Kumral, "Fakat burada öngörülmeyen bir olay meydana geldi, toprak oradan hareket ederek büyük bir hızla aktı. Yaklaşık 10-15 saniyede o vadiyi olduğu gibi doldurmuş vaziyette. Sanırım burada yapılacak işler konusunda bilgi almak istiyorsunuz. Öncelikle şunu söyleyeyim, bir şeyleri konuşmak için daha erken olduğunu düşünüyoruz. Çünkü bölgede inceleme ve durum tespiti yapmadan söylenen şeyler çok da bilimsel olmayabilir. Fakat bir gerçek var: O vadiye akmış vaziyette. Vadinin şöyle bir özelliği var, daha önce de arkadaşlarımız orada çalıştılar. Bu tür olaylar her ne kadar istenmese de, bunlar mutlaka öngörülmesi gereken olaylardır. O vadi bunun için bilinçsiz seçilmiş bir yer. Çünkü eğer bir hareket meydana gelirse, burası, çevresel anlamda olsun, kayıplar olsun, önlenebilir tedbirler olsun, en uygun yer olarak görülen bölgedir. 10 milyon metreküp civarında bir akmanın meydana geldiğinden bahsediliyor" şeklinde konuştu.
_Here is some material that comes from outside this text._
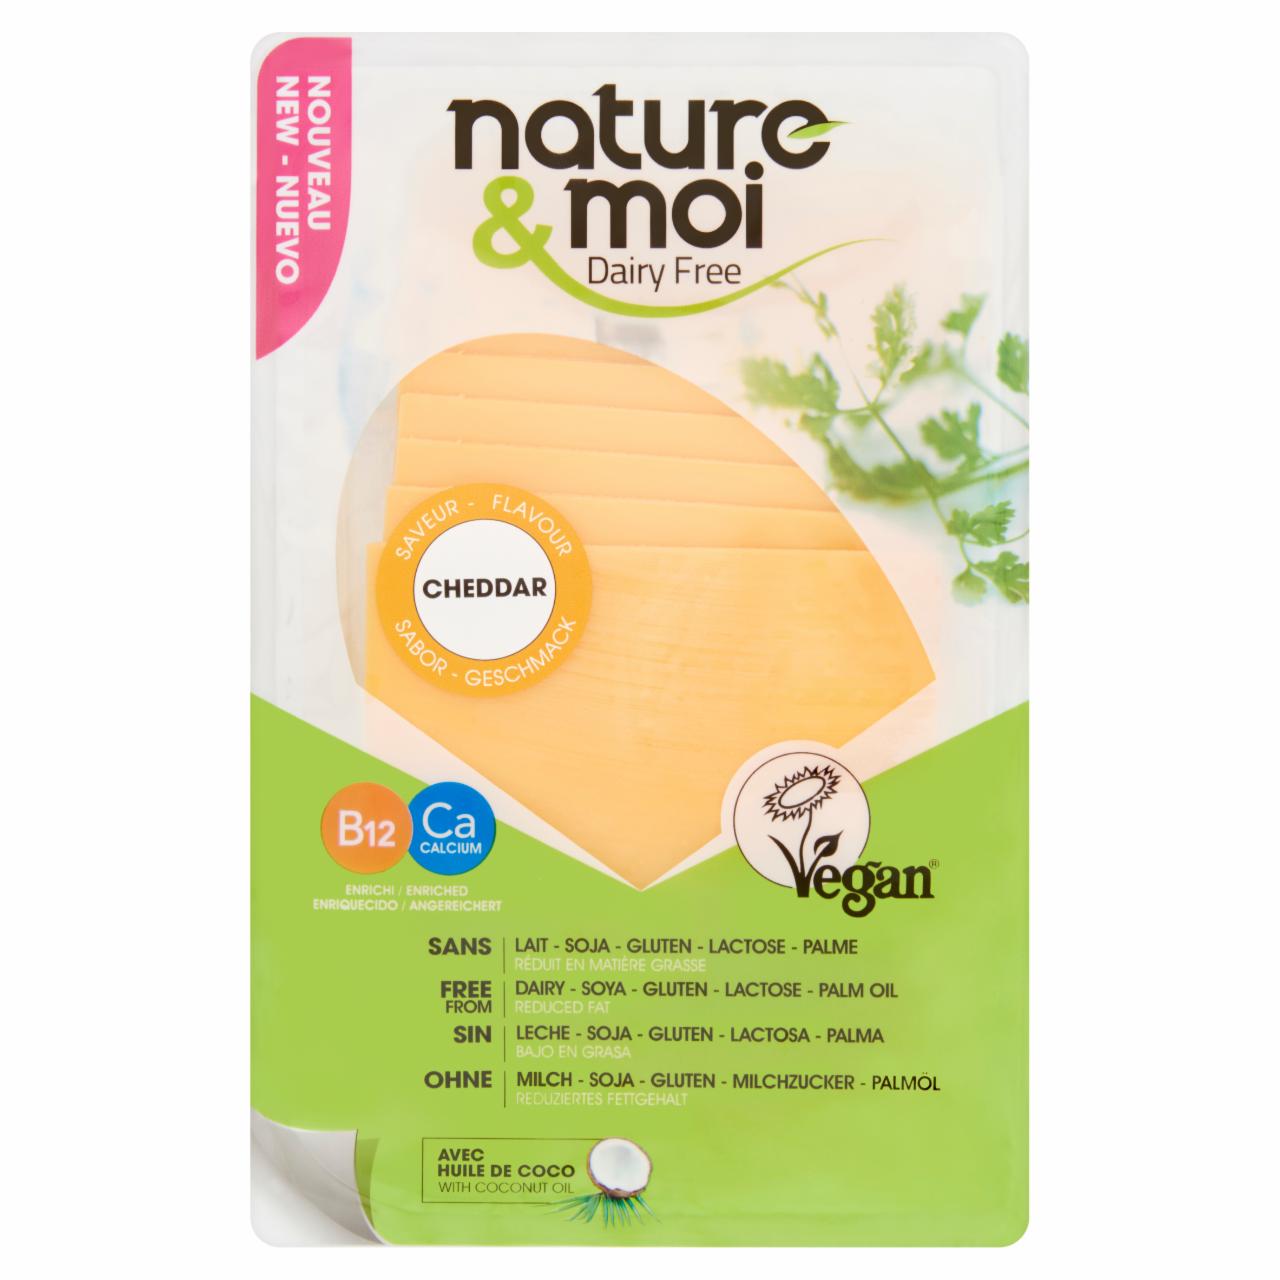 Képek - Nature & Moi szeletelt vegetáriánus specialitás cheddar ízesítéssel 200 g

"SİYANÜR VAR MI YOK MU BUNU SÖYLEMEK İÇİN ÇOK ERKEN"
"İçinde siyanür var mı yok mu bunu söylemek için çok erken" ifadelerini kullanan Kumral, "Onun analizlerinin yapılması lazım. Çünkü siyanür dediğimiz şey, o malzeme içinde kalmıyor. İçindeki altını aldıktan sonra tekrar drenaj sistemleriyle siyanür havuzlarına geri aktarılıyor. Yani o toprakların içinde kalan malzeme çok çok az minimum miktarda kalan bir malzeme oluyor. Bu da malzemenin eskiliğine göre ortamdan uzaklaşıyor ama orada bir karışım söz konusu olduğu için gerekli incelemeleri yapacağız ve bölgede kısa, orta ve uzun vadede ne gibi tedbirler alınması gerektiği konusunda, yani olumsuz etkinin sıfıra indirilmesi için gerek diğer üniversiteler, gerek üniversitedeki hocalarımız, gerek Bakanlığımızla bölgede araştırma çalışması yapmak için oraya hareket edeceğiz" diye konuştu.
"YAKLAŞIK 10 KİŞİLİK EKİPLE YOLA ÇIKACAĞIZ"
Kumral, "Grubumuzda konusunda jeoloji mühendisleri olacak. İçlerinde hidro-jeolog ve özellikle asit maden drenaj konusunda uzman hocalarımız var. Maden mühendisleri hocalarımız, şev stabilitesi konusunda uzman hocalarımız olacak. Jeomorfolog hocamız olacak ki kendisi heyelan konusunda uzman bir hocadır. Maden mühendisleri var, cevher hazırlama mühendisleri var ve çevre mühendisleri hocalarımız var ki onlar da Kahramanmaraş depreminde atıklarla ilgili çalışmış olan ve bu bölgeyi zaten daha önce de inceleyen kişiler… Yaklaşık 10 kişilik bir ekiple bugün yola çıkacağız" ifadelerini kullandı.
"ACİL BİR DRENAJ SİSTEMİYLE TEDBİR ALINIP, KAPATILMALI"
Bölgede uygulanması gereken tedbirlere yönelik bilgi veren Kumral, "Kısa vadede yapılması gereken şey çevrede acil bir drenaj sistemiyle tedbir alınması, yani kapatılması. Çünkü orada akışkan bir mekanizma varsa ki şu anda yok, kuru bir havza, olası bir yağmura karşı suların ortama ulaşmasını engellemek gerekiyor. İlk etapta yapılıyor. Zaten bakanlığımız da gerekli açıklamayı yaptı. Fırat nehrine olan hattın tedbir amaçlı kapatıldığından bahsettiler. Bunu biraz daha geliştirmek gerekebilir ama içeride şimdi canlarımız var o canlar kurtarılmadan o bölgeye bir müdahale edilebileceğini öngörmüyorum. İnşallah en kısa zaman içerisinde bu tedbirler alınacaktır diye düşünüyorum" dedi.
"SİYANÜR KULLANILMAK ZORUNDA"
Madencilikte siyanür kullanımı hakkında konuşan Kumral, "Bu tür madenlerde siyanür kullanılmak zorunda. Çünkü maden araştırmaları; maddenin yani ekonomik olan altının tenörüyle (değerli malzeme miktarı) alakalıdır. Bu tür geniş dağılımlı alanlarda bu altını alabilmek için tek yöntem siyanür kullanmaktır. Ama bu siyanür şöyle bir şey değil. Yani sürekli olarak ortama katılan bir şey değil. Bir kere kullanılıyor sonra süzülerek tekrar tekrar kullanılıyor. Yani sürekli aynı maddenin kullanılmasıyla maden araştırması yapılıyor. O yüzden bu tür liçlerin içinden de siyanür drenaj yöntemiyle ve yıkama yöntemiyle, alttaki drenaj borularıyla liç havuzlarına alınıyor, o havuzlarda membran filtreler ve jeotekstil dediğimiz yöntemlerle yer altı sularına karışmaları önleniyor. Zaman içinde de o siyanür belirli oranda ayrışarak ortamdan uzaklaşıyor" ifadelerini kullandı.